Wednesday, August 13, 2008

These Keys Were Made for Walking

Two years ago when we made our pilgrimage to the US, Wifey put her cell phone "in a safe place" so that if robbers broke in and did a non-rigorous search they wouldn't steal it. This had the humorous side effect of rendering it unfindable when we came back a month later. We searched for it for two weeks until I wearied of the constant complaints and did what comes naturally: bought her a new one.

Listen, I enjoy letting my loved ones beat themselves up over forgetting where things are as much as the next guy, but there's only so much I can stand.

You know the rest of the story: two days later she found her old phone, which she much preferred, hidden beneath her clean socks. By some miracle of laundry we'd keep the pile full and thus kept her from getting to the bottom of it. So she went back to the old phone and I got a new phone and that was it.

Last year when we came back from the US, Wifey couldn't find a handful of things that she always carries in Europe: a US-European conversion card, some IDs, the bank card, and other miscellaneous stuff. We searched and we searched, but nothing turned up. A week later we found it, underneath a pair of jeans on the floor that we hadn't bothered to look under.

As we prepared to leave this year, we were laughing about the travails of finding things the last few years, and she made a bold statement: "this year I'm just leaving everything out. If somebody breaks in and steals stuff, more power to 'em." And this is what she did with everything.

Except for her keys, which I pleaded with her to "put in a safe place where we'll be sure to find them." We both remember this. What we don't remember is where that place actually is. Oh, sure, we easily found the car keys left on the table, and the other car key hung on the kitchen peg board, but the house keys were simply gone.

To say that it drove Wifey slightly made is an understatement. It drove her a lot mad. She proceeded to tear the house apart, day and night, searching for her lost keys.

I was glad to leave home to go to work, quite frankly. But each day I came home and there were no keys, but I did have a frazzled wife. Not much of a trade-off, I can tell you.

Finally this grew to such a fever pitch that it consumed my entire family: myself, the girl, and Wifey were all searching for the keys. The boy couldn't care less, and spent his time playing Paper Mario on the Wii.

Wifey and I ended up in our room, determined to either find the keys or burn the house down and start afresh.
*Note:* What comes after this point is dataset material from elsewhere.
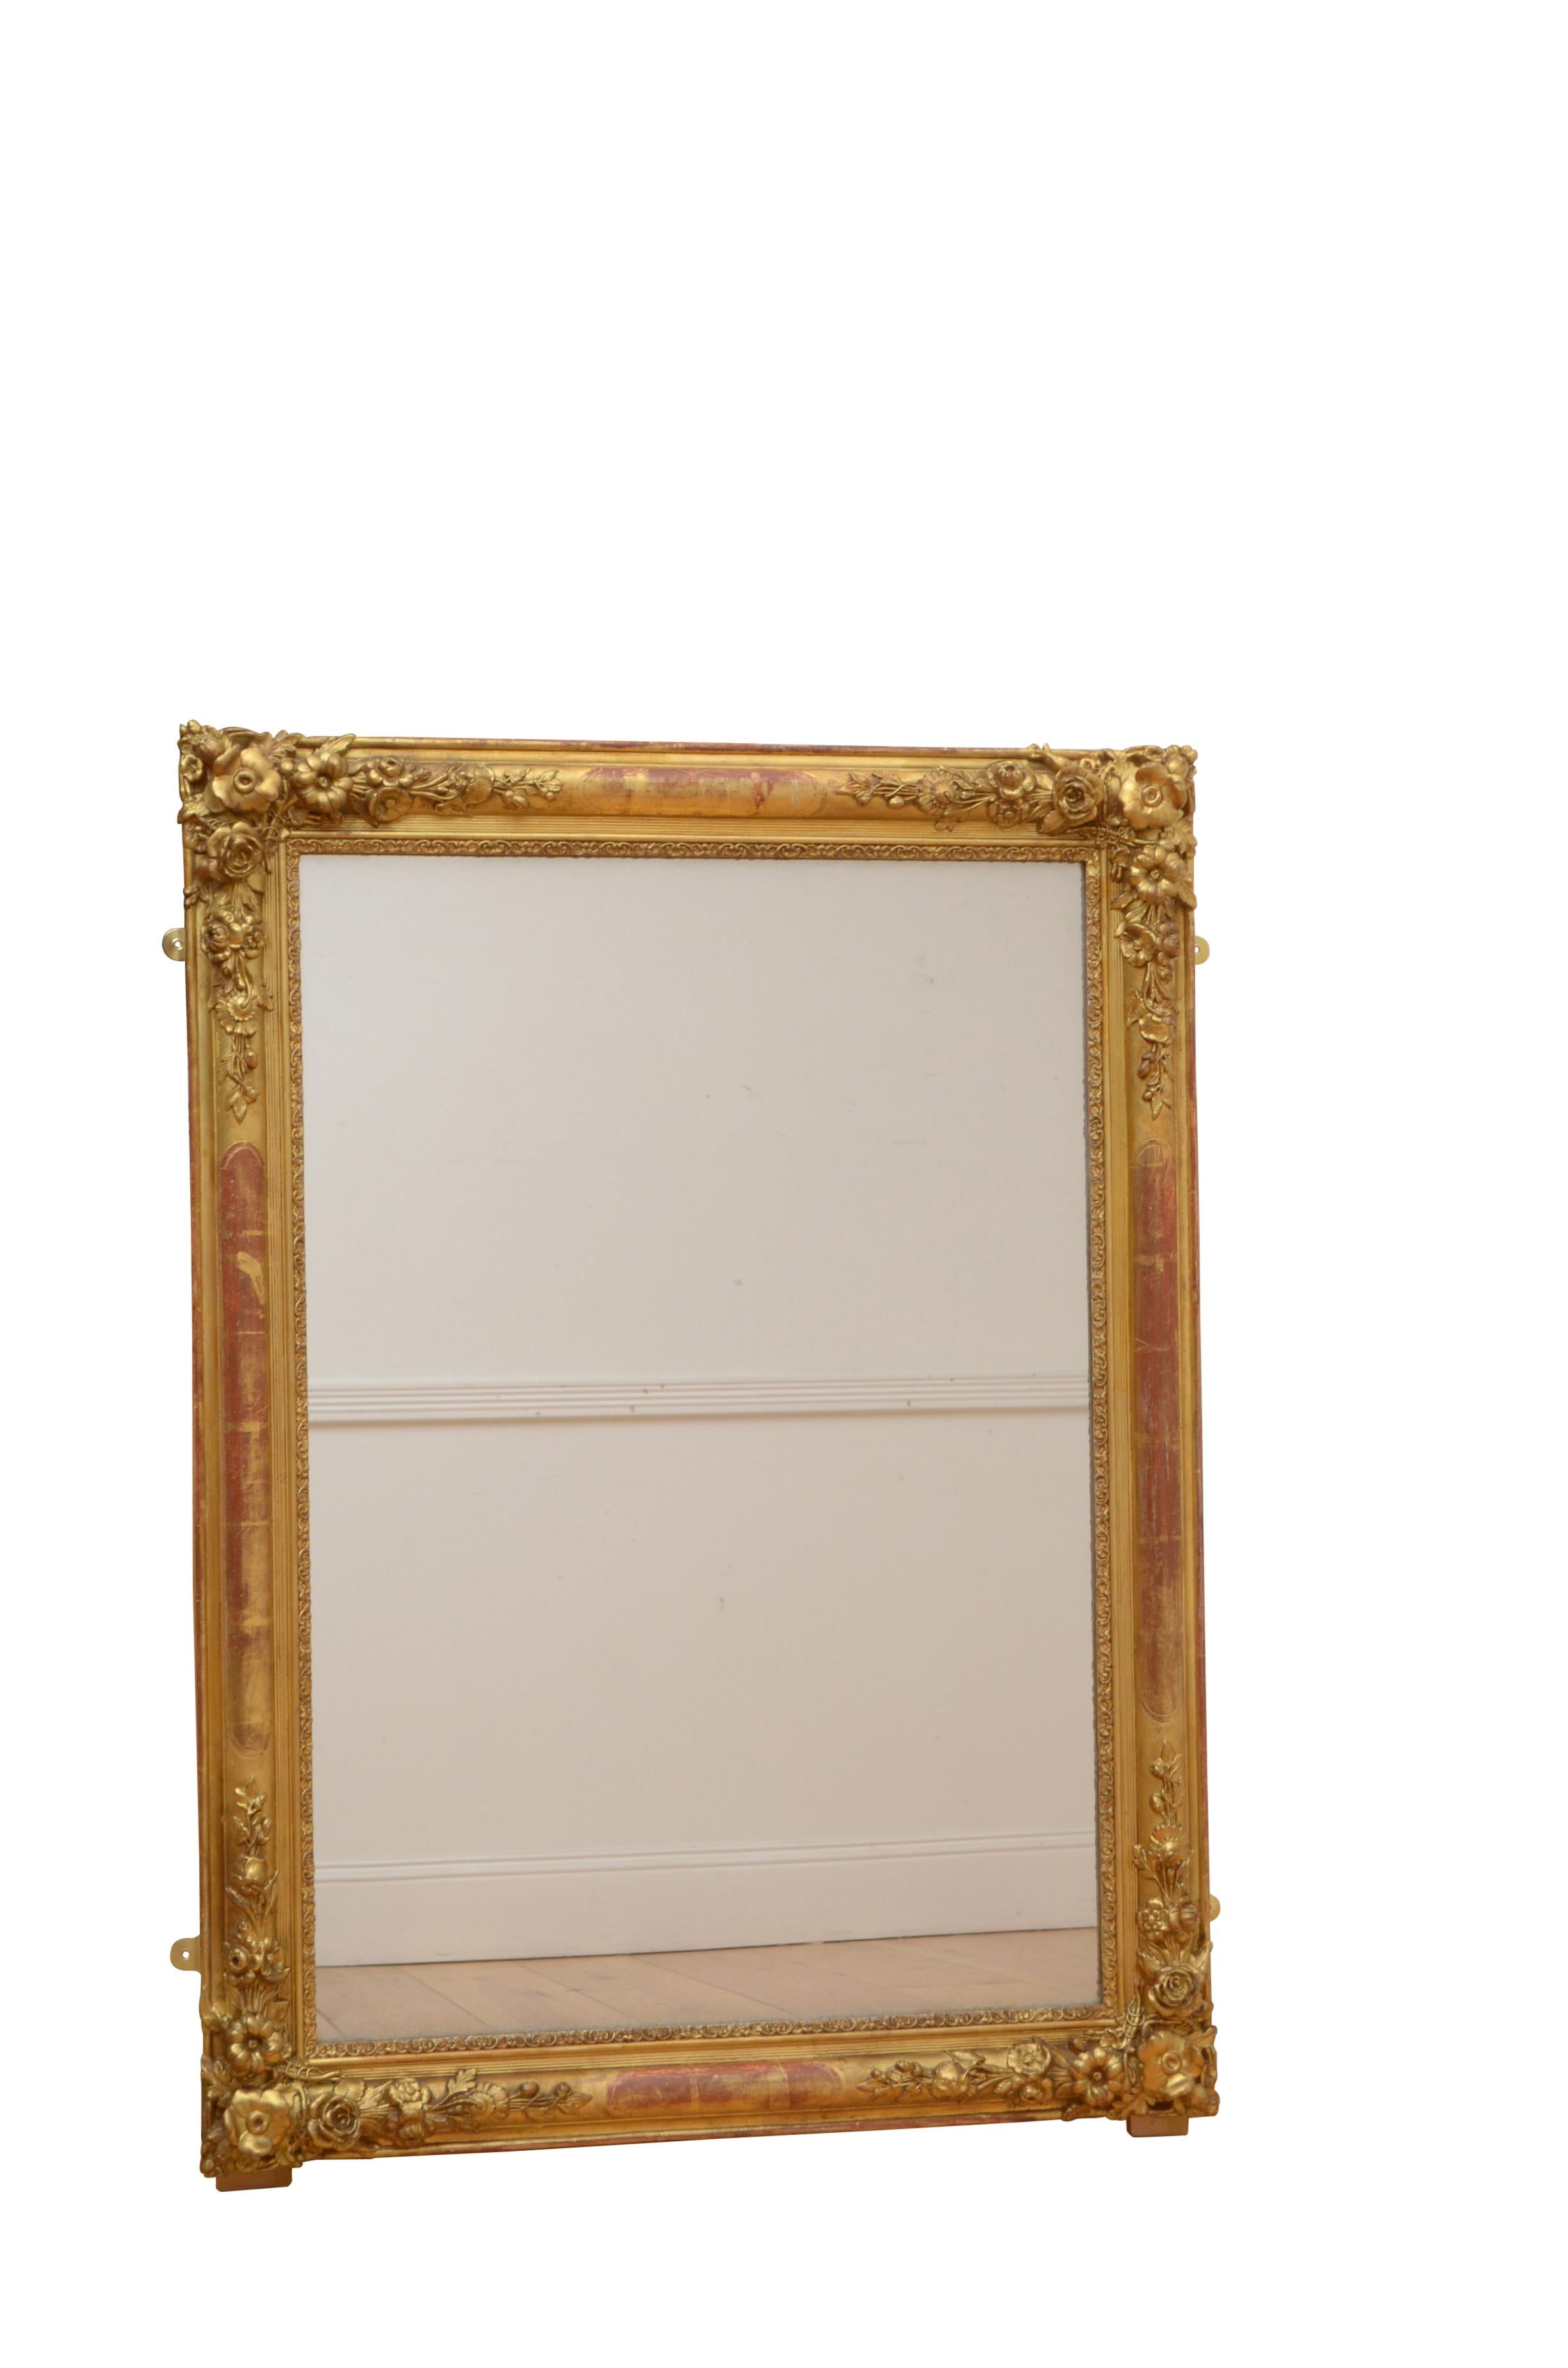 0233 outstanding French gilded wall mirror of versatile form, can be positioned horizontally or vertically, having original glass with characterful air bubbles, sparkle and minor silvering in moulded giltwood frame with flower carved corners. This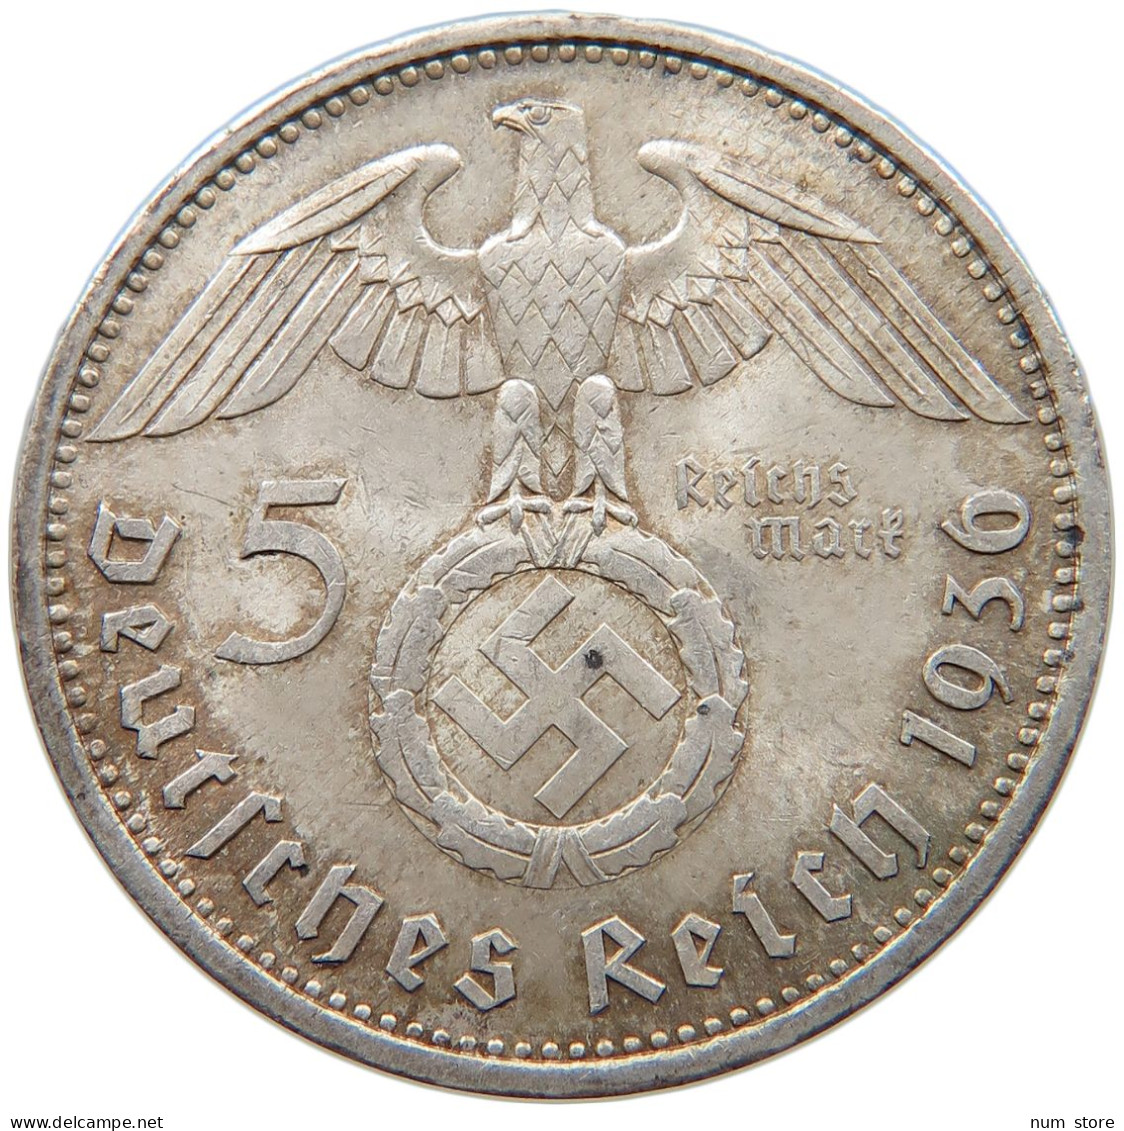 GERMANY 5 MARK 1936 A #s094 0069 - 5 Reichsmark

"For some reason I'm drawn to right here!" she stood in front of her closet. "Do you know why?"

"All I remember is you telling me to help you remember where you put your keys," I said. "And then you put them in a place where we'd be sure to see them when we returned."

"I wanted to just leave them on the nightstand, but you wouldn't let me." She sighed. "Do you remember this magical place where we would automatically find them?"

"I bet you put them in your shoe," I said. "Did you check in your shoe?"

"What kind of a moron puts them in their shoe?" she asked me. "I'm not a mental patient. Of course I didn't check in my shoes."

So I pulled out her shoes and, sure enough, they weren't in there. But as I picked them up, suddenly a memory, clear as lightning, fired through every synapse in my brain:

Me, putting her keys inside my work dress shoes, which I wear to work every single day. The logic was this: I'll have to put on my dress shoes to go to work, and then I'll find the keys, and so it's not a problem.

Only, if you remember, I bought new dress shoes. And they were so comfy that I have been wearing them since my return.

Without thinking things through, I picked up my old dress shoes and heard the familiar clinking of keys.

"What was that?" Wifey was on me like a hungry bear on a fat hiker. "I heard keys."

"I think it came from downstairs. You better check it out."

"Are my keys in your shoes?" she asked me.

"It's an audible illusion," I said.

"Show me the shoes," she held out her hand.

"There's nothing to see here," I assured her. "Move along."

"Let me check."

I tried to palm the keys as I handed her the shoes, but only ended up scuffing her fingers and dangling the keys out in front of me.

"I have been tearing my hair out and kicking myself the last three days wondering what happened to those damn keys! What are they doing in your shoes?"

"I found them!" I said. "What's my reward? Are you aroused by my searching genius?"

"I won't kill you," she said. "I have to decide whether or not to Bobbitt you."

I'm starting to think burning the house down might have been the cleaner solution.

[Quick temporal note: I've been home a week. The vacation blog lagged real time by 2 days, which grew to a week over the course of writing it for various reasons. But we're all synchronized as of right now.]